Not quite the apocalypse, granted, but the Long Valley Caldera is just one of the volcanoes that rings Sacramento. There’s also a volcano at Clear Lake, plus the entire chain of geologically active mountains that stretch from Lassen Peak to Mount Shasta.

And what if more than one erupted?

That’s “extremely unlikely,” according to Margaret T. Mangan, scientist-in-chief at the United States Geological Survey’s California Volcano Observatory in Menlo Park.

“The volcanoes are not linked in the subsurface, and each act independently of one another,” she said.

In fact, a catastrophic eruption like the one that formed the Long Valley Caldera is, according to Mangan, “very rare.” A similarly sized eruption in California, either in the Long Valley area, or at one of the other volcanoes in the state, is extremely unlikely.

illustration by MCKY

And we’d have a little bit of warning first, too, thanks to sensors and other valuable technologies.

“Unlike earthquakes, volcanic eruptions are usually preceded by measurable disturbances, including ground deformation, volcanic-type earthquakes and gas emissions,” Mangan said.

But if it did happen, the ash—not lava—would be our biggest concern.

“The main impact to Sacramento from any future eruption is likely to be disruption of air traffic over California, due to drifting ash clouds at high altitude,” Mangan said.

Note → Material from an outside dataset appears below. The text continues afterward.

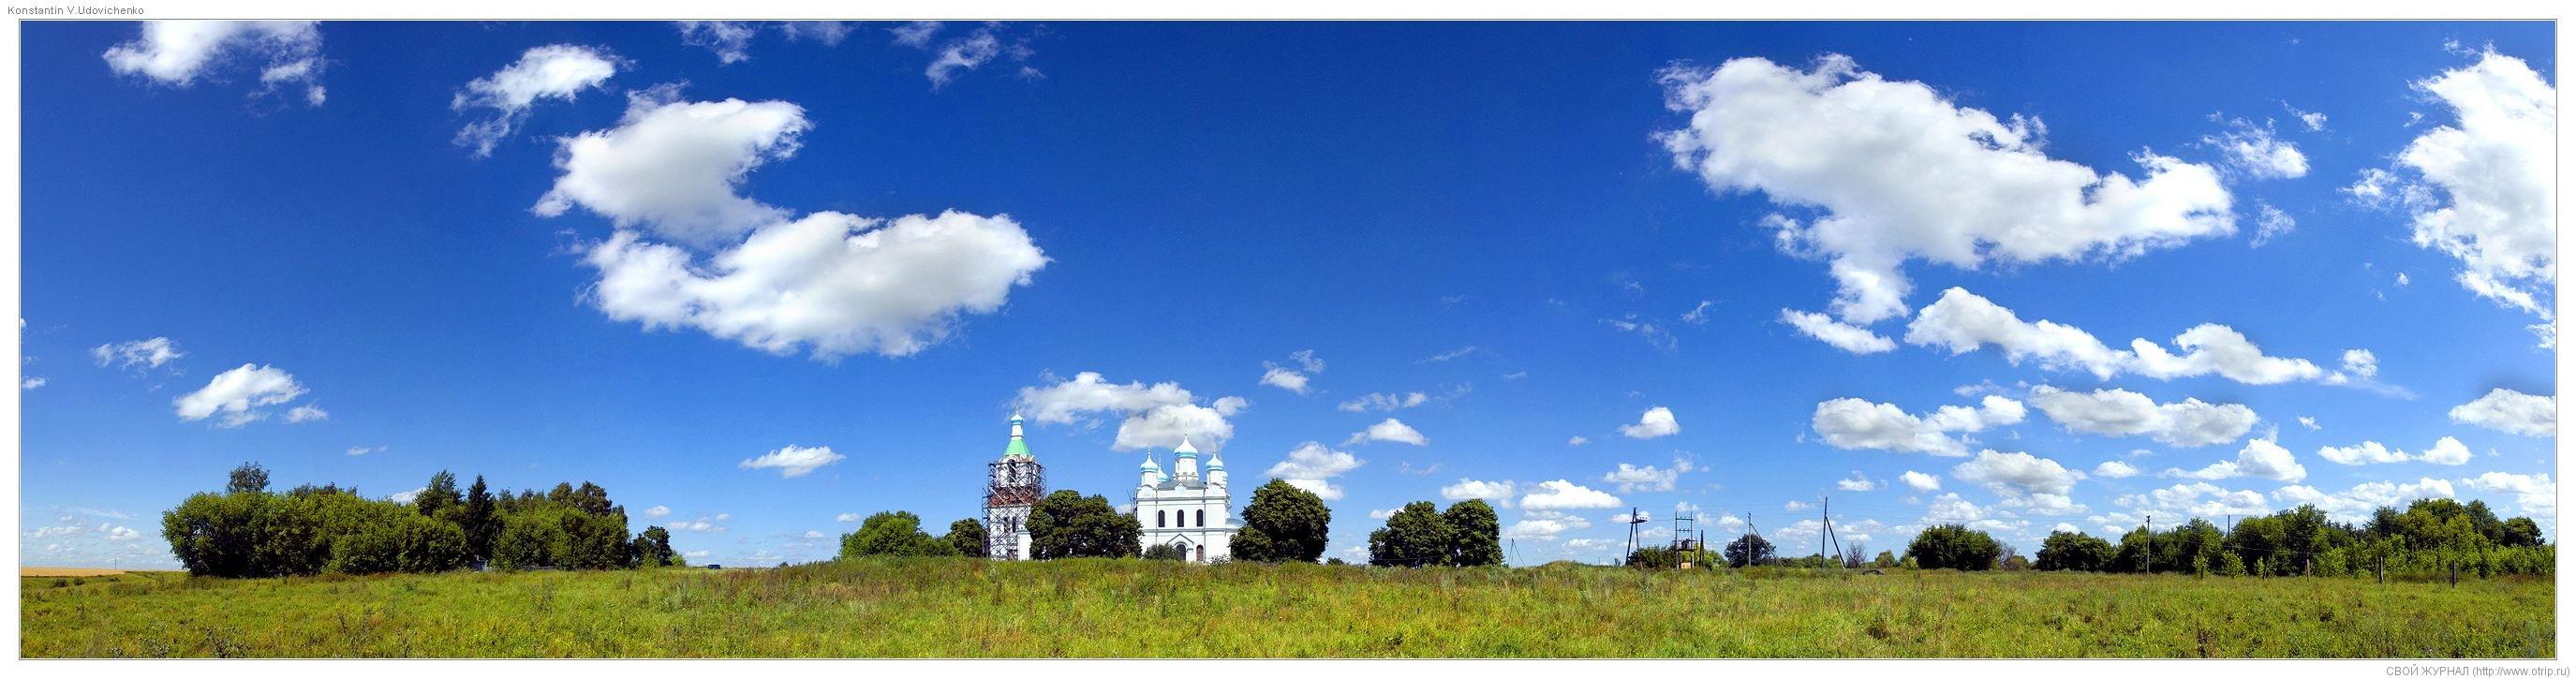 1894-1904-9579x2780s_2.jpg - По Рязанской области (25-29.07.2009)

5. A plague upon your city

No, not the plague, but a plague. One of the problems we’re facing now, often as a result of climate change, are emerging diseases. A new strain of flu—which, at its worst in 1918, had a mortality rate of about 25 percent—won’t kill a city, though it will place incredible stress upon its resources.

No, to kill the city we’d need a disease with a mortality rate closer to 65 or 70 percent—in the range of, say, the Ebola virus—and with an incubation period long enough to prevent containment measures and quarantine from working.

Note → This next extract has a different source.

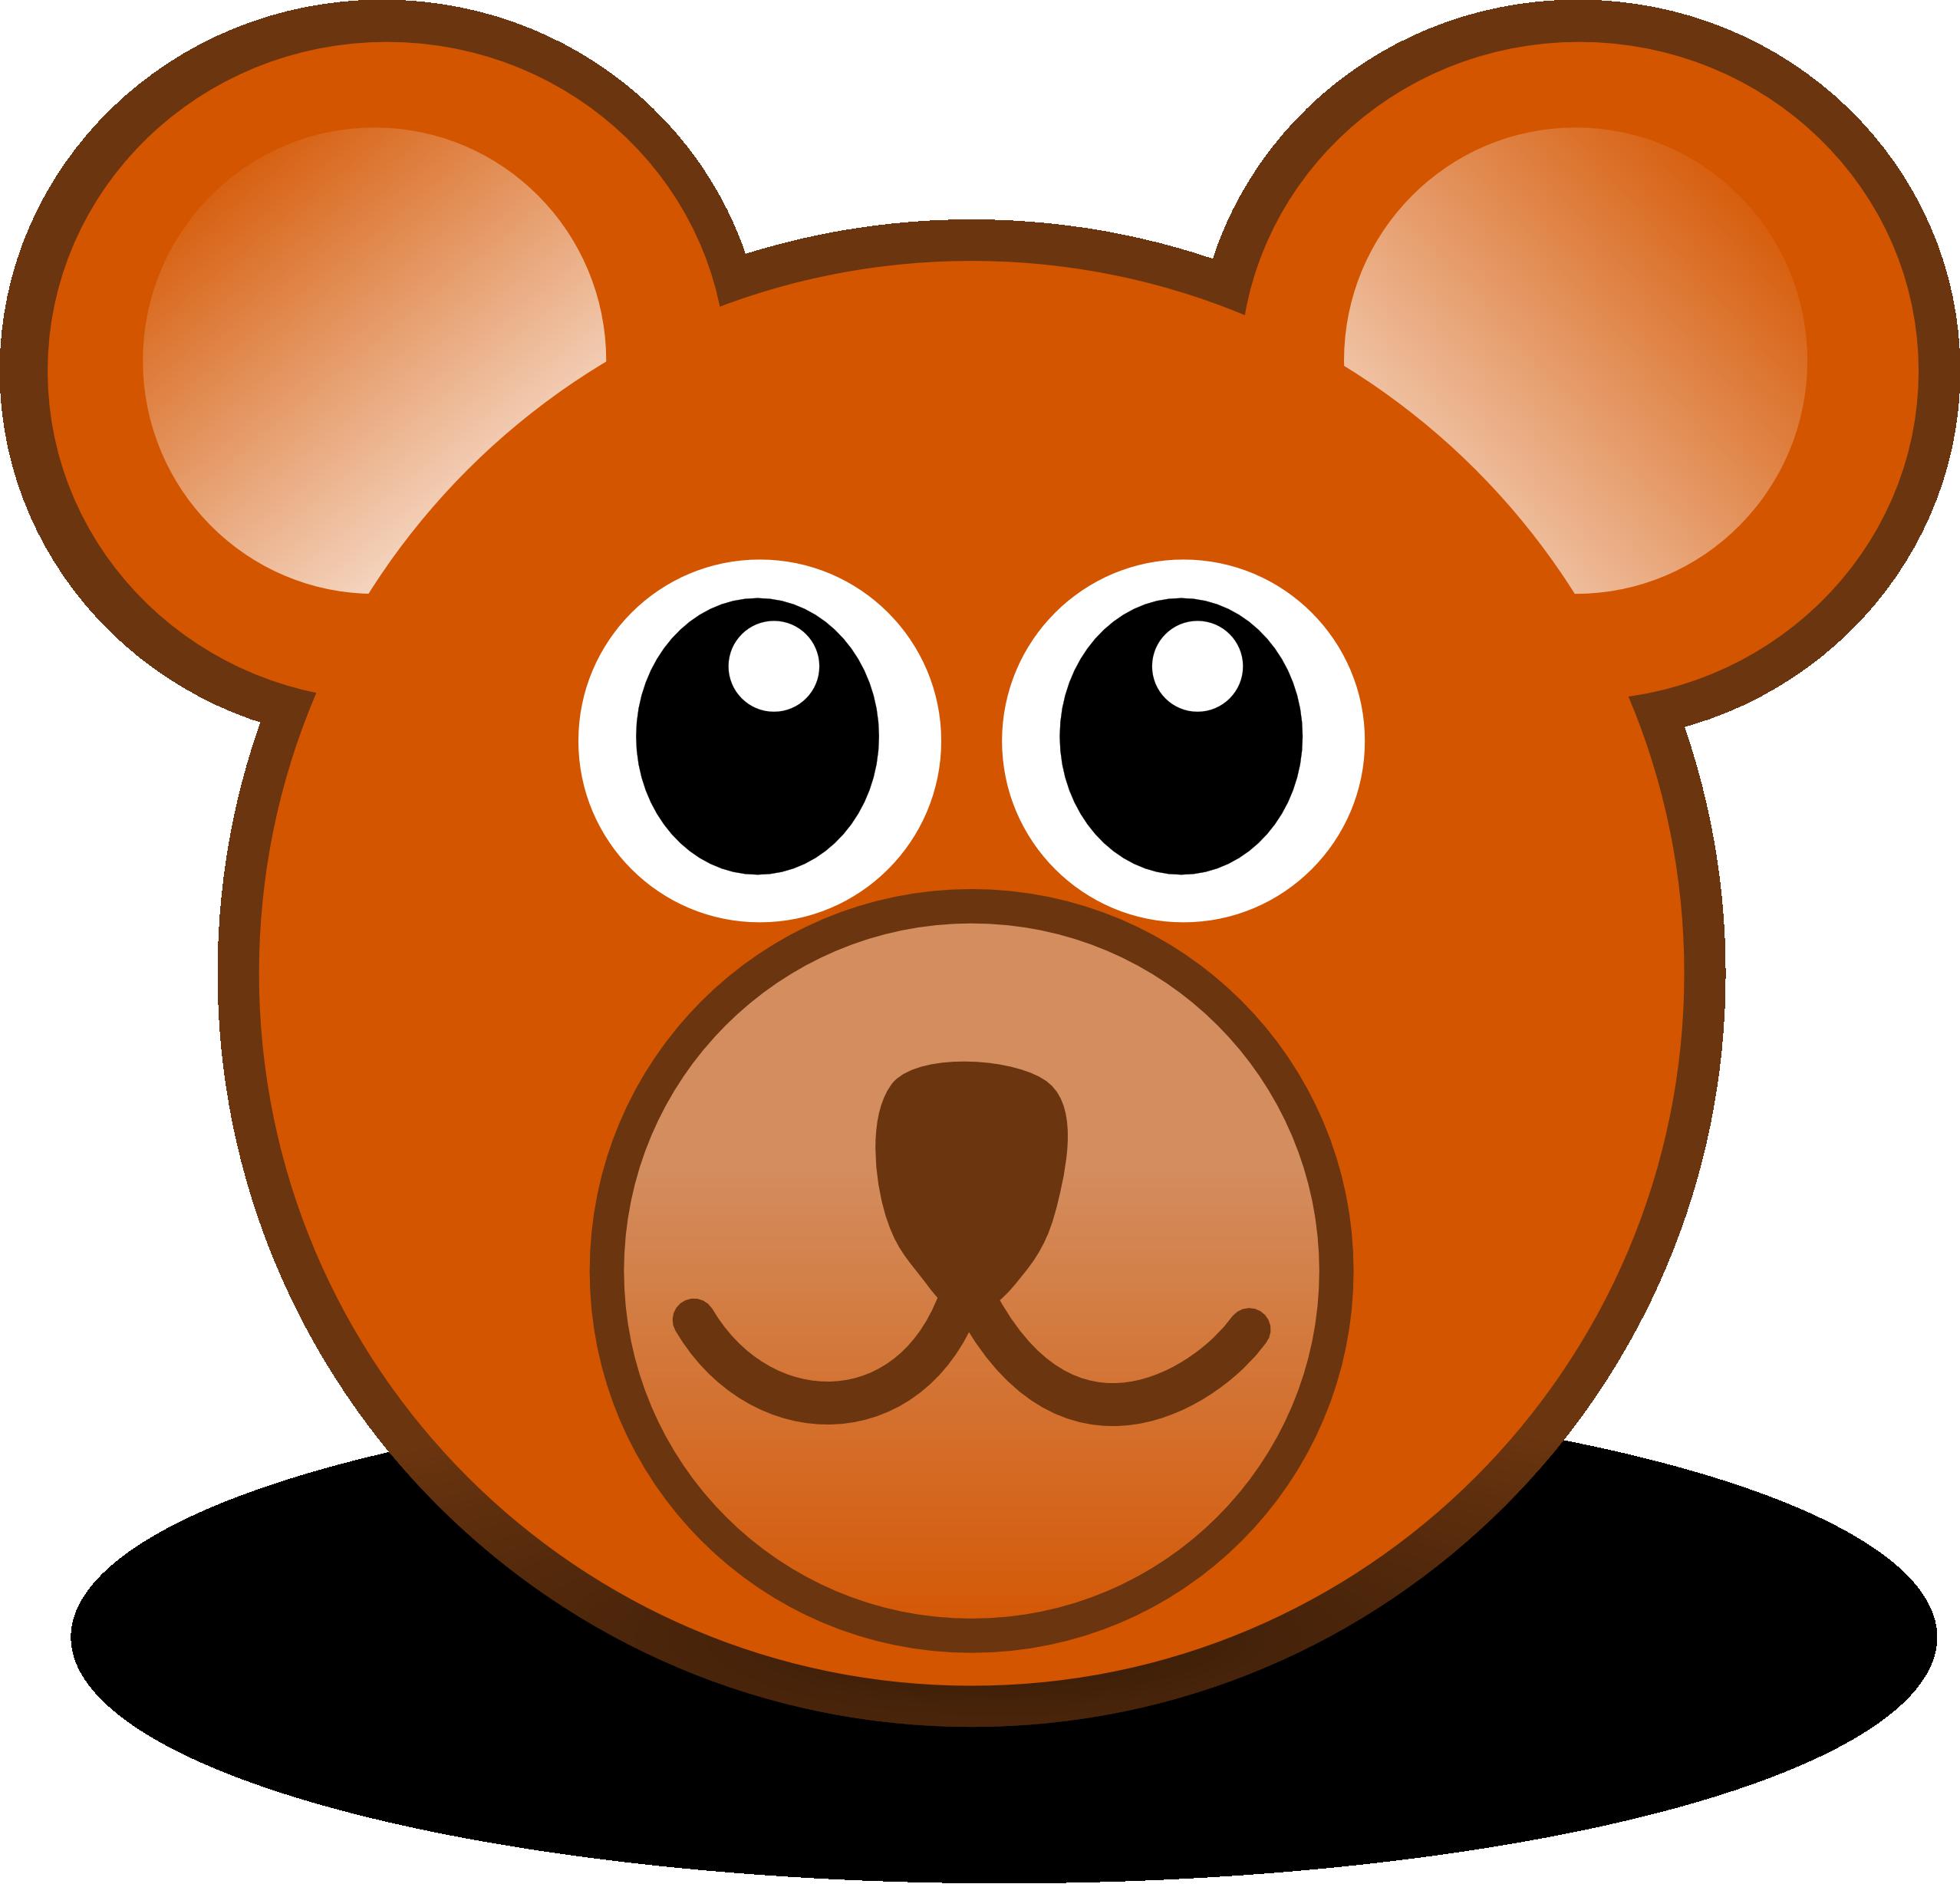 Teddy Bear Face Clip Art N8 free image.

While Chris Andis, a press representative for the Sacramento County Department of Public Health, declined to speculate on the probability of these kinds of epidemic disasters because it would be too “difficult,” she referred us to the CDC’s Zombie Preparedness site (www.cdc.gov/phpr/zombies.htm).

Apparently, being ready for zombies is pretty much the same thing as being ready for Ebola.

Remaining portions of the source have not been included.